■ **Work to complete**:
From the listing below, please restate exactly the lines beginning at the one with "The dense jungle canopies of Mossman Gorge" and ending at the one with "A wall calendar", both included, and skip the pictures.

■ **Task inputs**:
□ □ □ □

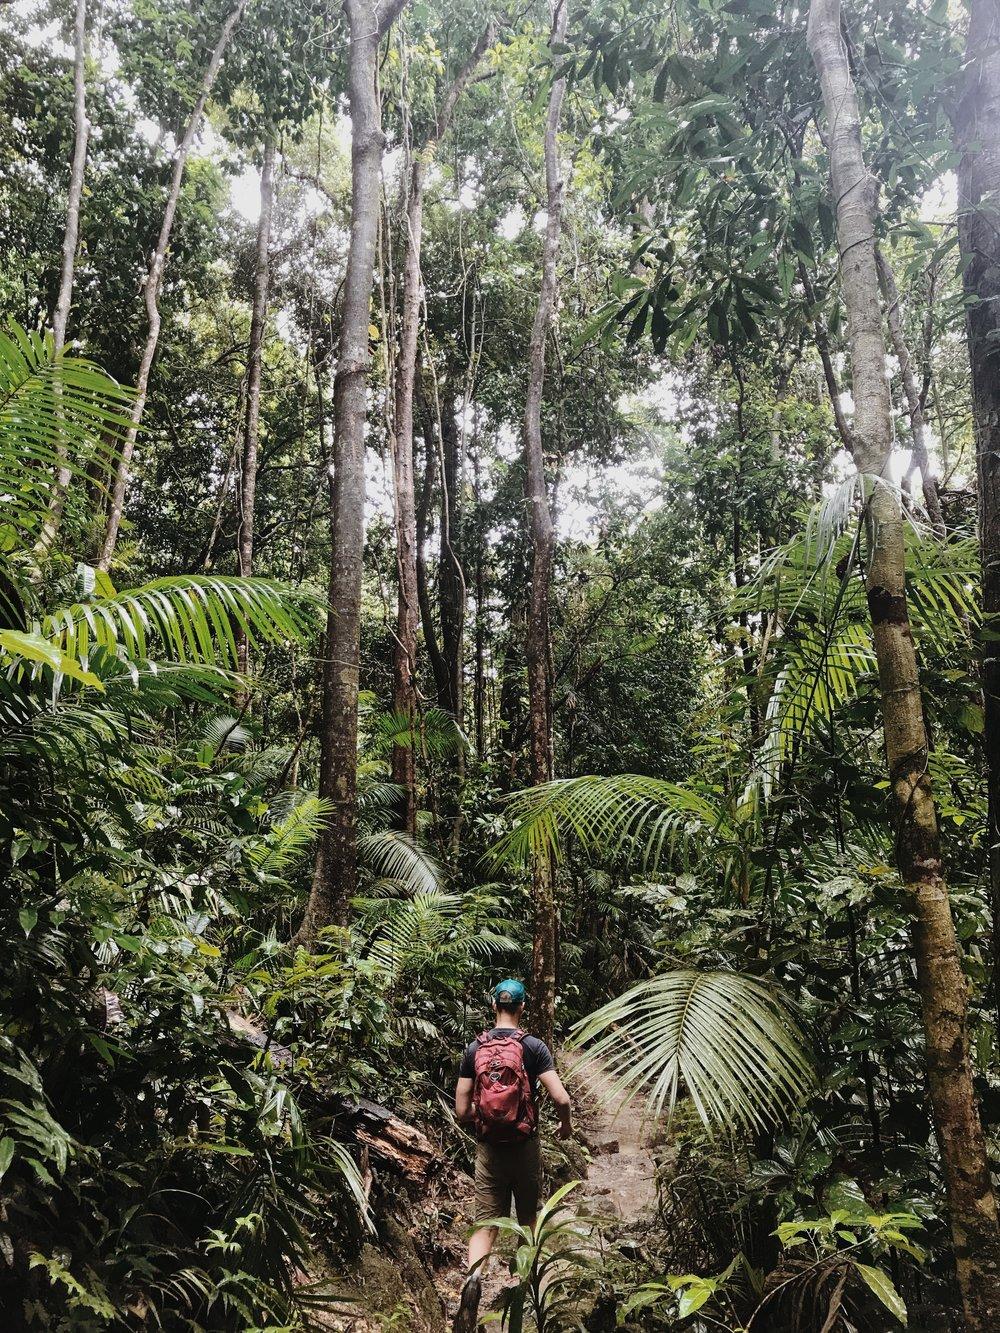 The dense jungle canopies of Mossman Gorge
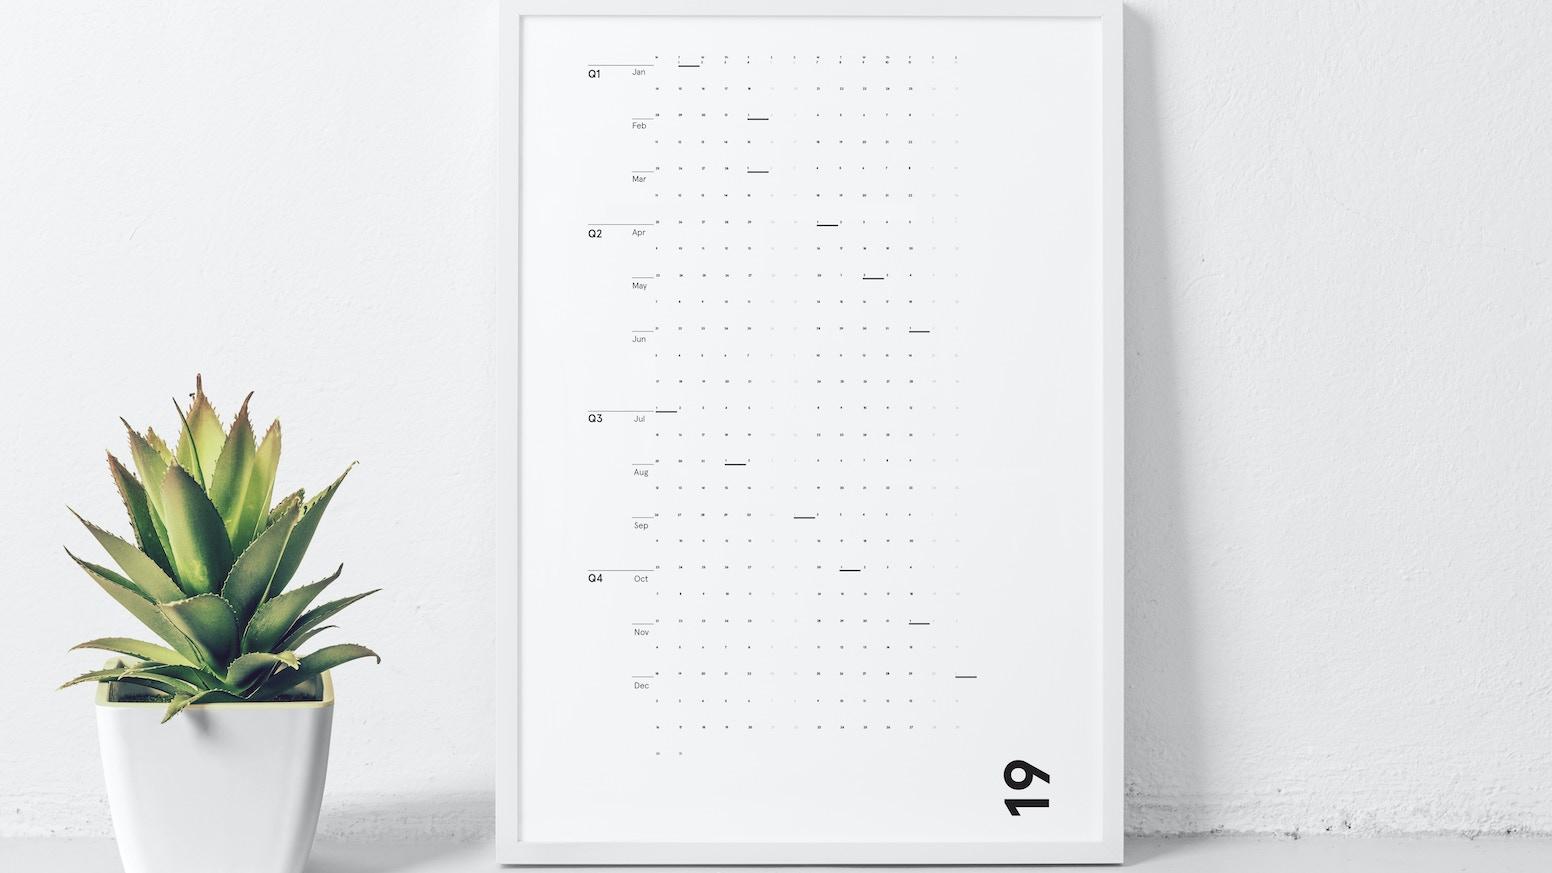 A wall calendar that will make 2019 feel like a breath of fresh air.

□ □ □ □

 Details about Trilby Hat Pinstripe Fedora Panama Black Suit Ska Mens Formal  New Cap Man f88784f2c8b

□ □ □ □

■ **Answer space**:
 The dense jungle canopies of Mossman Gorge
 A wall calendar that will make 2019 feel like a breath of fresh air.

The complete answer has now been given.